Reproduced in the Daily Digest of deep learning, convlstm principle and its tensorflow realization
This document references convolutional LSTM network:a machine learning approach for
Precipitation nowcasting
Today introduced a very famous network structure--convlstm, it not only has the LSTM time series modelling ability, but also can like CNN to portray the local characteristic, can say is the spatiotemporal characteristic to have.
Lstm has made great progress in the areas of speech recognition, video analysis, sequence modeling, and the traditional lstm network consists of input gate, forget gate, cell, Output gate, hidden five modules, And the relationship between them can be represented by the following formula:
The hollow small circle in the figure represents the multiplication of the corresponding elements of the matrix, also known as the Hadamard product. This LSTM structure we can also call fc-lstm, because the internal departments are dependent on similar feedforward neural network to calculate, and this fc-lstm for time series data can be handled very well, but for spatial data, will bring redundancy, because the spatial data has a strong local characteristics, But Fc-lstm cannot portray this local feature.
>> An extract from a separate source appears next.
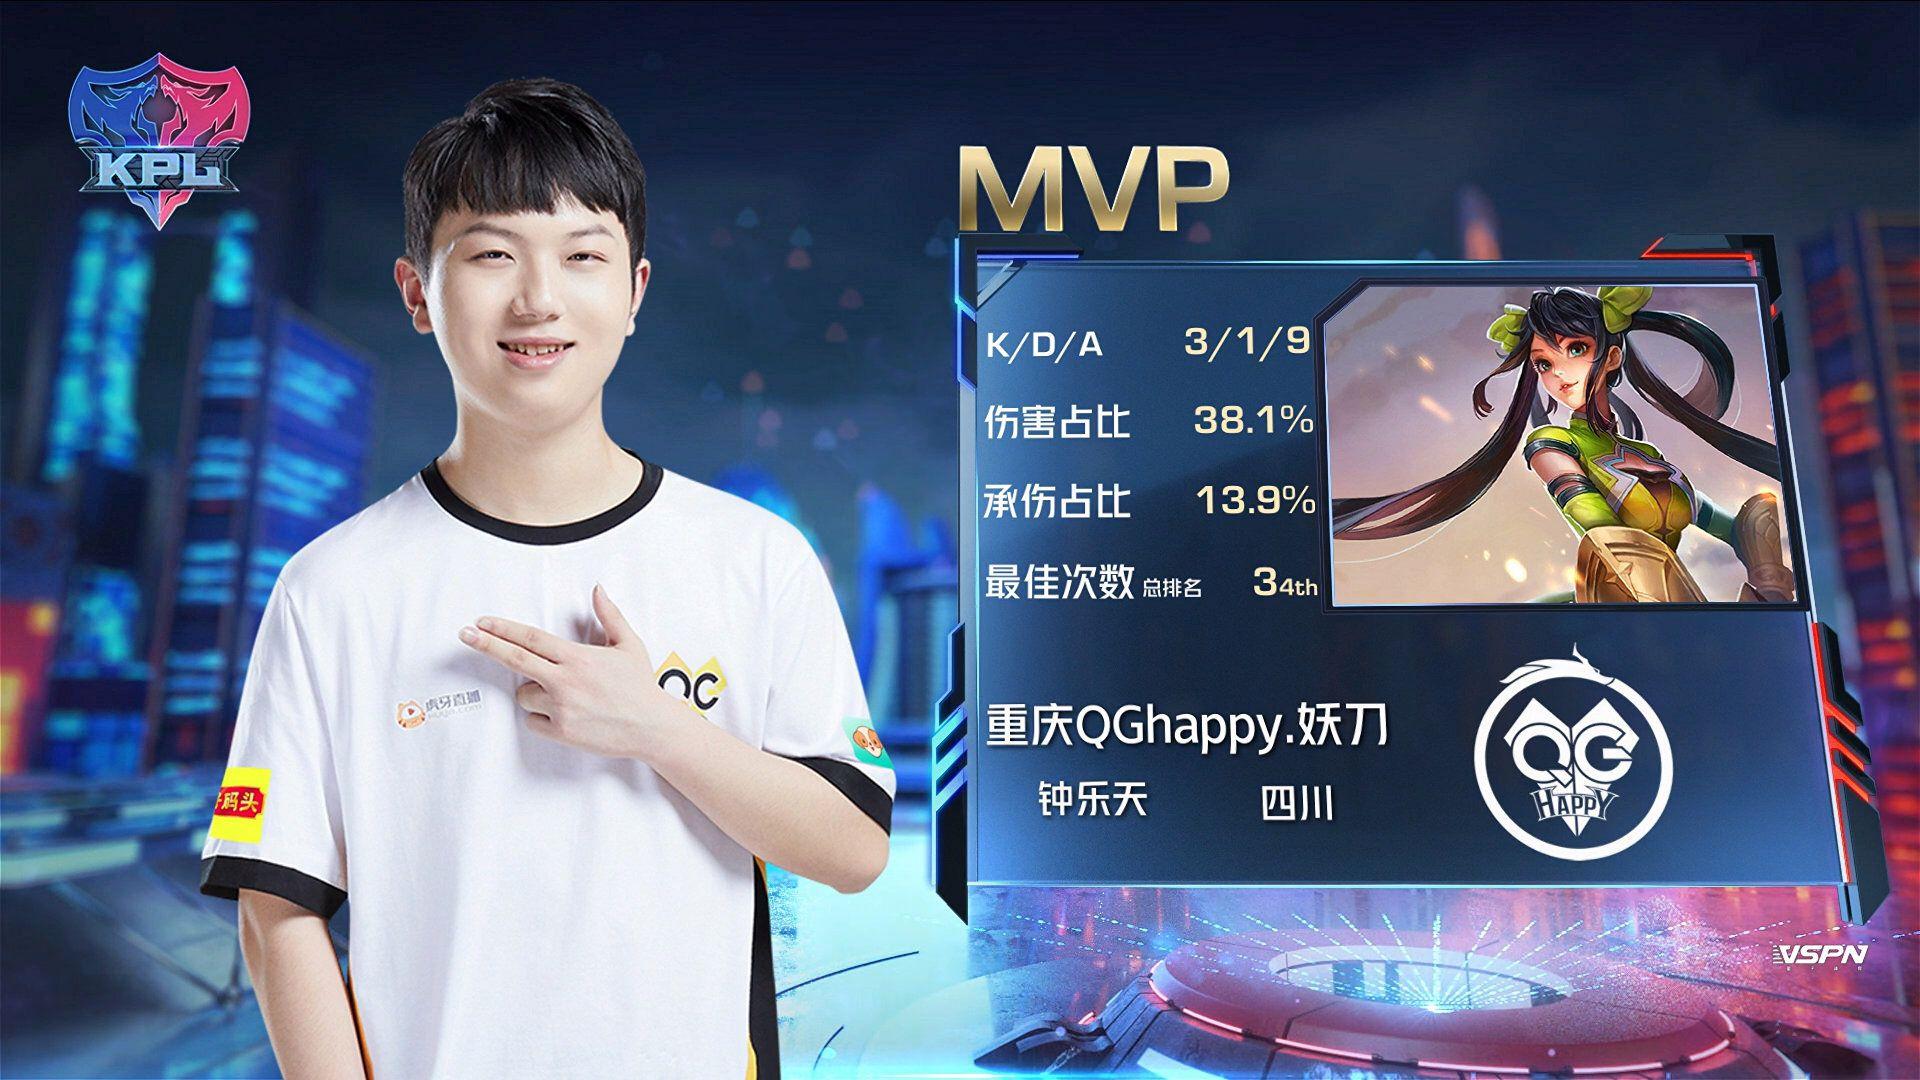 重庆QGhappy获首胜,770坐镇率队止连败

The CONVLSTM proposed in this paper attempts to solve this problem by replacing the input-to-state and state-to-state portions of fc-lstm with a convolution form, and the internal structure of convlstm is shown in the following figure:
As can be seen from the diagram, the connection between the input and the gate is replaced by a feedforward type convolution, and the state and state are also replaced by convolution operations. The working principle of the new convlstm can be expressed by the following formula:
Figure * denotes convolution, it is worth noting that the x,c,h,i,f,o here are three-dimensional tensor, their two dimensions represent the spatial information of rows and columns, we can think of convlstm as a model for dealing with eigenvectors in two-dimensional meshes, It can predict the characteristics of the central grid according to the characteristics of the surrounding points in the grid. So much has been introduced in the principle section, and then we are going to implement a convlstm.
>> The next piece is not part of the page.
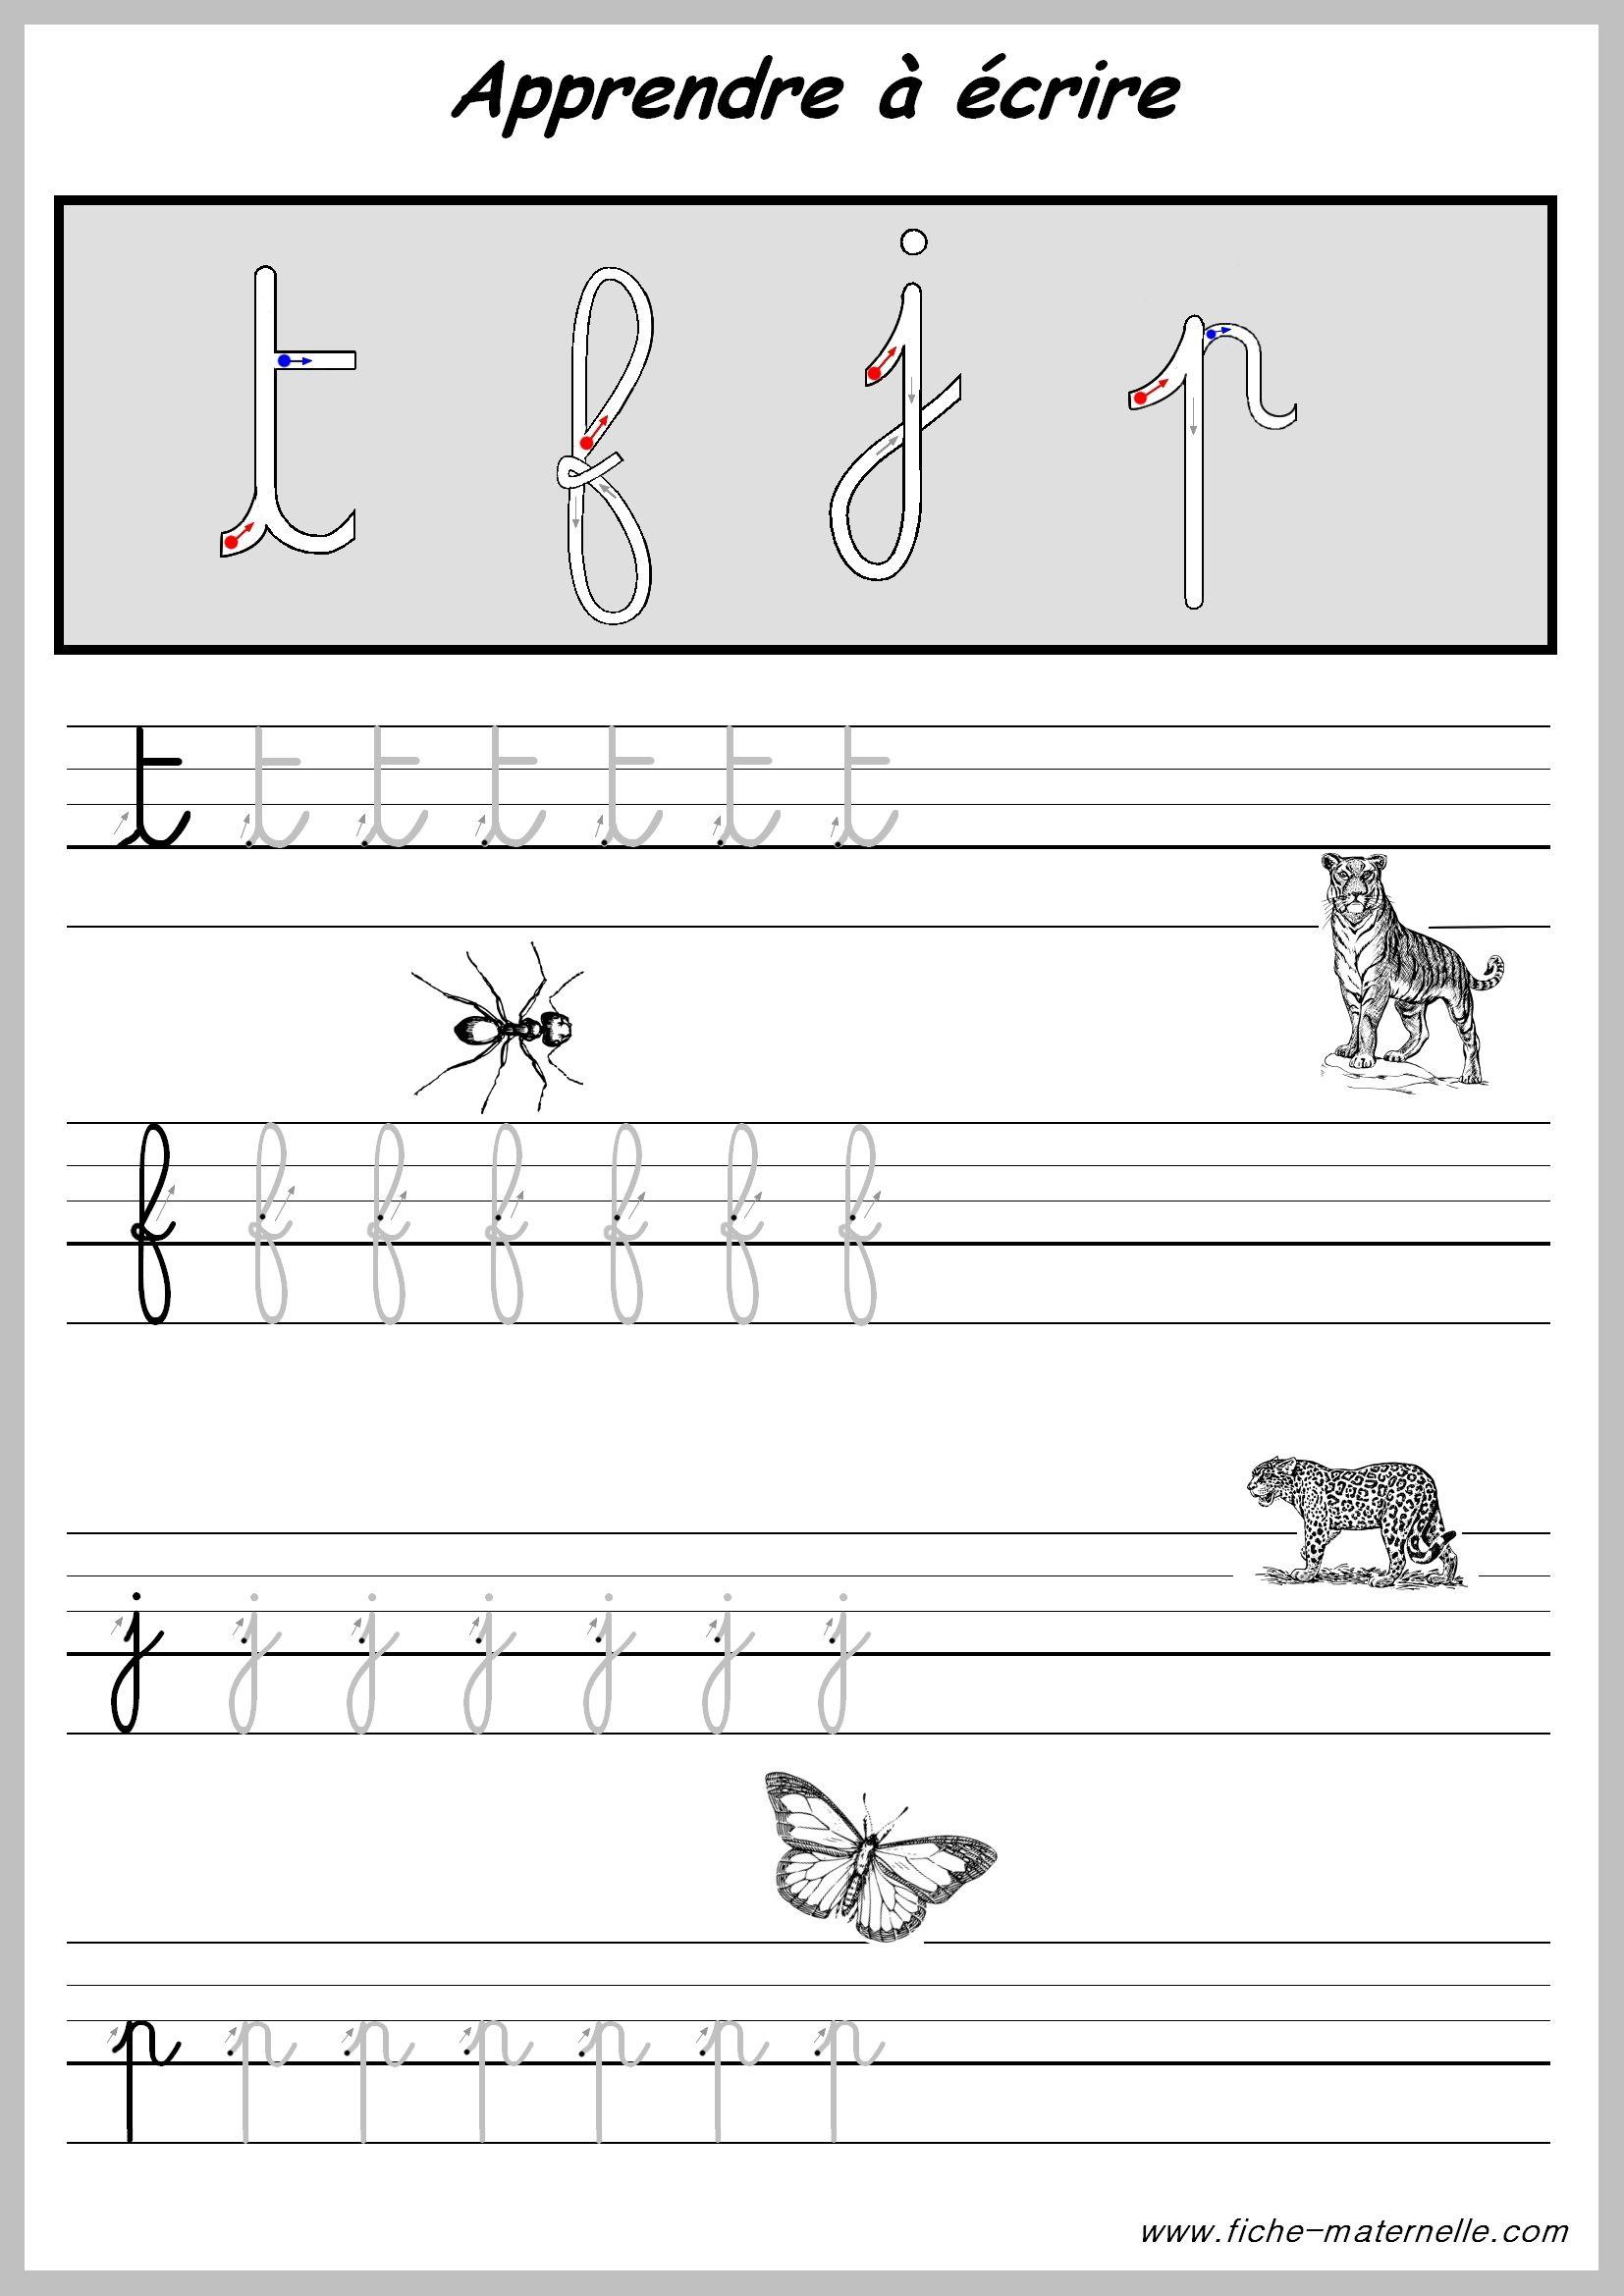 Exercices Pour Apprendre A Ecrire Les Lettres. | Écrire En avec Apprendre Les Lettres De L Alphabet

But before we do that, let's take a look at the code design for the common Rnncell in TensorFlow, TensorFlow Rnncell Basicrnncell,grucell and Lstmcell, which are inherited from Rnncell , and all need to implement a common method called call (), which is called to indicate what relationship the input, state, and output are in each step of the loop.
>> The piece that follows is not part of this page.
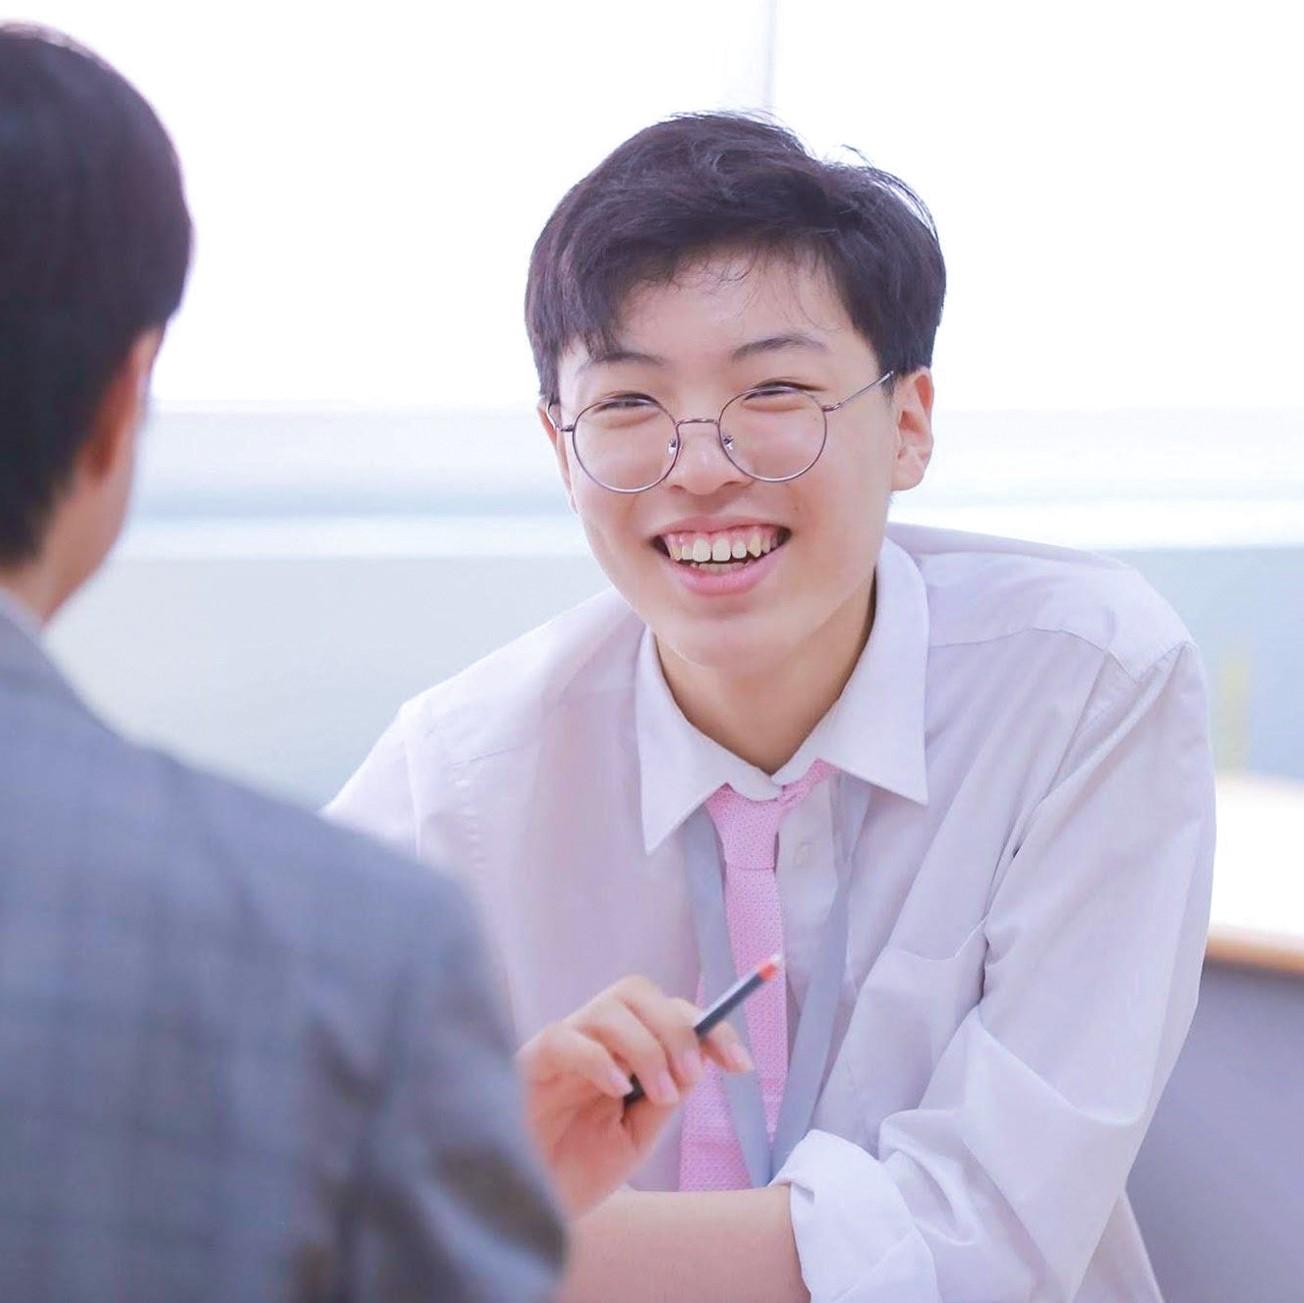 Hoseong

As far as Basicrnncell is concerned, its call method simply accepts input and state, outputs the product between them and passes an activation function, the core code is as follows:
def __call__ (self, inputs, state, Scope=none): With
_checked_scope (self, scope or "Basic_rnn_cell", reuse=self._ Reuse):
output = self._activation (
_linear ([Inputs, State], self._num_units, True))
return output, output
and accordingly, the core code of Grucell is as follows:
def __call__ (self, inputs, state, Scope=none): With
_checked_scope (self, scope or "Gru_cell", Reuse=self._reuse): C2/>with Vs.variable_scope ("Gates"):
value = sigmoid (_linear (
[Inputs, State], 2 * self._num_units, True, 1.0))
r, U = Array_ops.split (
value=value,
num_or_size_splits=2,
Axis=1) with
vs.variable_scope (" Candidate "):
C = self._activation (_linear ([Inputs, R * State],
self._num_units, True))
new_h = u * State + (1-u) * C
return new_h, New_h
Baisclstmcell's core code is a little bit troublesome, because it adds a number of gates, and here the state is not just a variable, but a combination of States, in order to improve the efficiency of the matrix operation, the method taken here is the figure 1 in the four expression concatenation together to calculate the same time, After the calculation and then separate them, and then calculate the C and H, because there is no increase in the bias, and like C and I, between C and F, C and H, C and O, there is no connection between, so this Lstmcell is Basiclstmcell, And TensorFlow also provides a peephole connection with the Lstmcell, interested friends can directly see TensorFlow source code.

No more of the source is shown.